Little known facts about early australia.

Post by fuzzywuzzy »

Yep, actually they were responsble for the first uprising and riot in Australia. The first known Irish convicts (as a group ) were political prisoners. In the 1790's they began to tranasport "rebellious Irish". In those days the Irish were considered rebelliuos because they were Roman Catholics and if you were Roman catholic then you couldn't vote or go to school and obviously because you didn't worship as the King, you were a traitor and automatically a criminal. It was illegal in australia at that time to celebrate mass.

The Vinegar hill rebellion. Apparently named after a battle between the Irish and British in Ireland. But nobody today can trace where exactly this "hill' is.

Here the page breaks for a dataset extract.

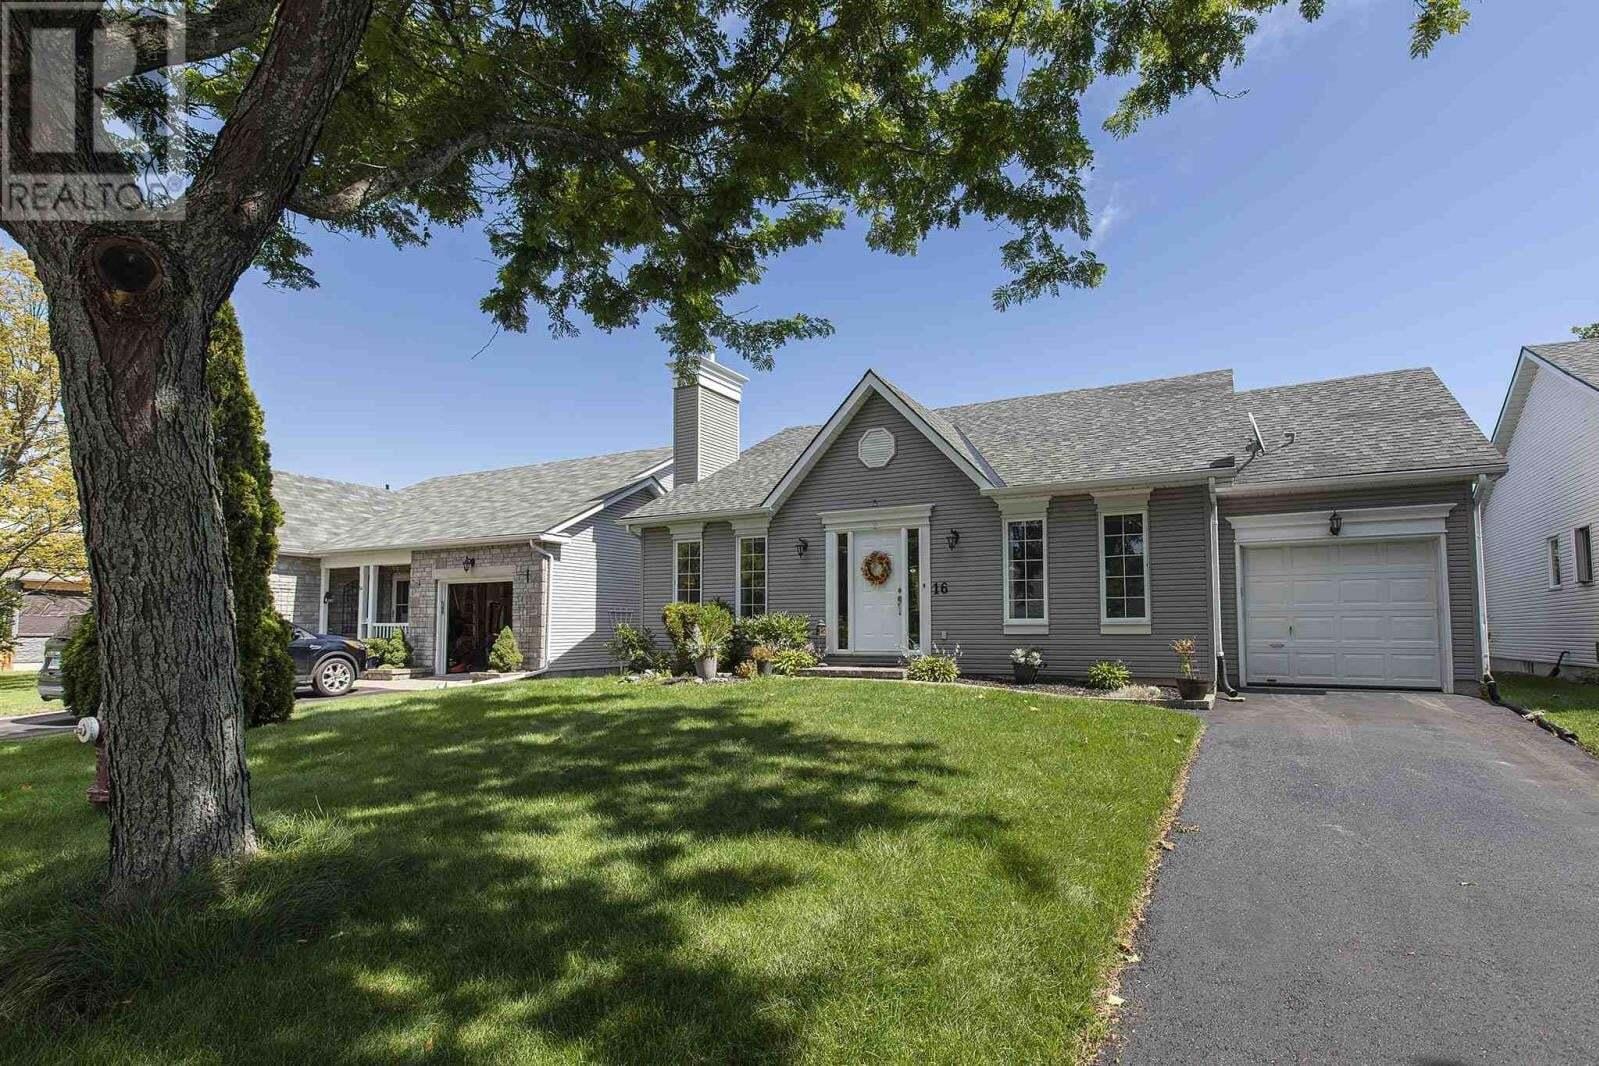 House for sale at 16 Abbey Dawn Dr Bath Ontario - MLS: K20005107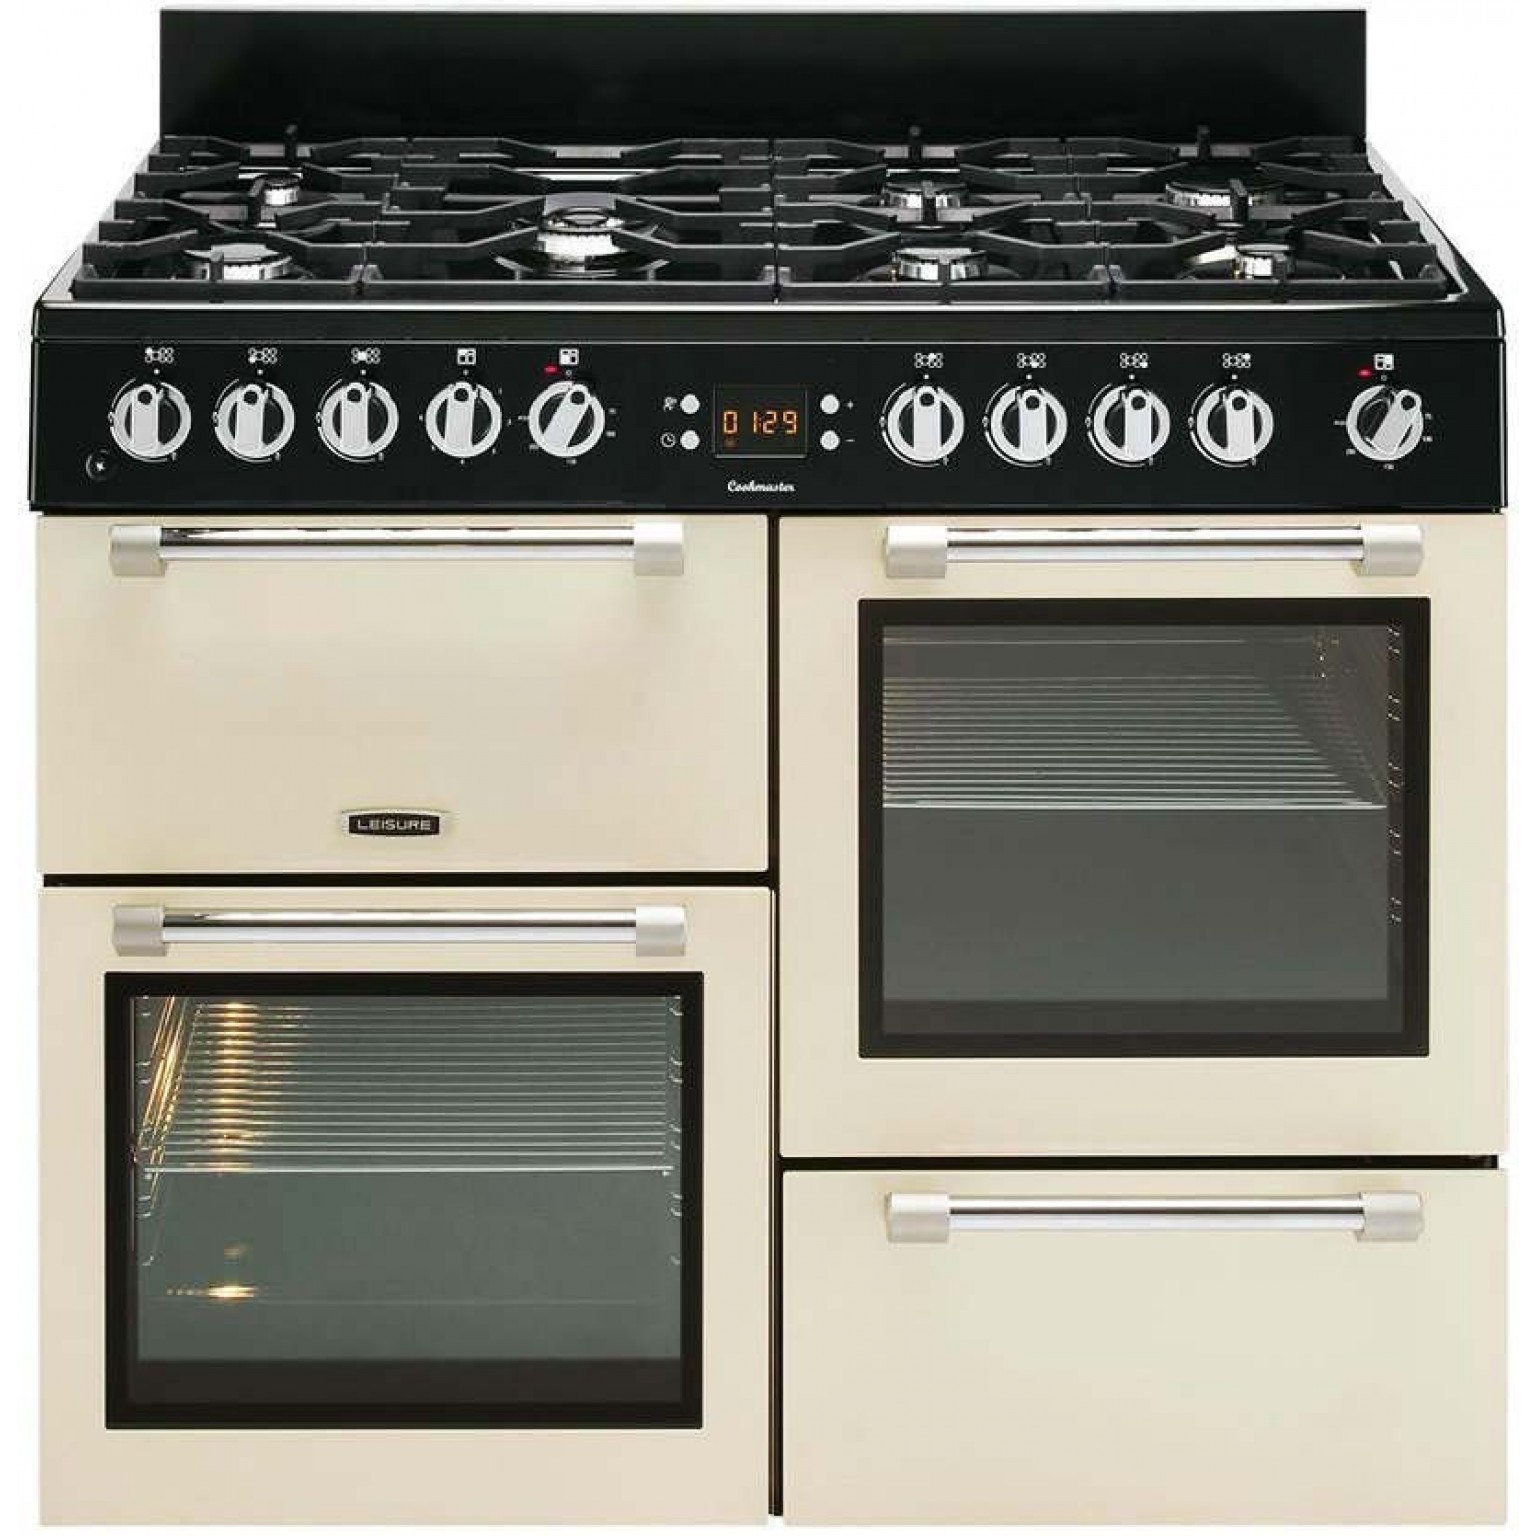 LEISURE 'Cookmaster' 100cm Dual Fuel Range Cooker CK100F232C

it was actually quite a serious rebellion . women and children went to the harbour incase the rebels won and they had to escape.

So anyway these rebels wanted to go home. The plan was to take over all the ships and Sydney township. Now considering there were over 1200 irish in a colony of just over 8000 it wasn't a long shot that they could do it.

The new south wales corps was called out and 150 men from the ship "calcutta" were called to support them .

So anyway before more rebels could get assembled Major George Johnston met the partially assembled rebels at Parramatta under a white flag. It was a trick .

they shot them all. Well most of them.

this was such a serious scare to the British government that hardly much more is known about it . Other than swinging the ring leaders body from a stair case where convicts recieved their rations. a warning if you like.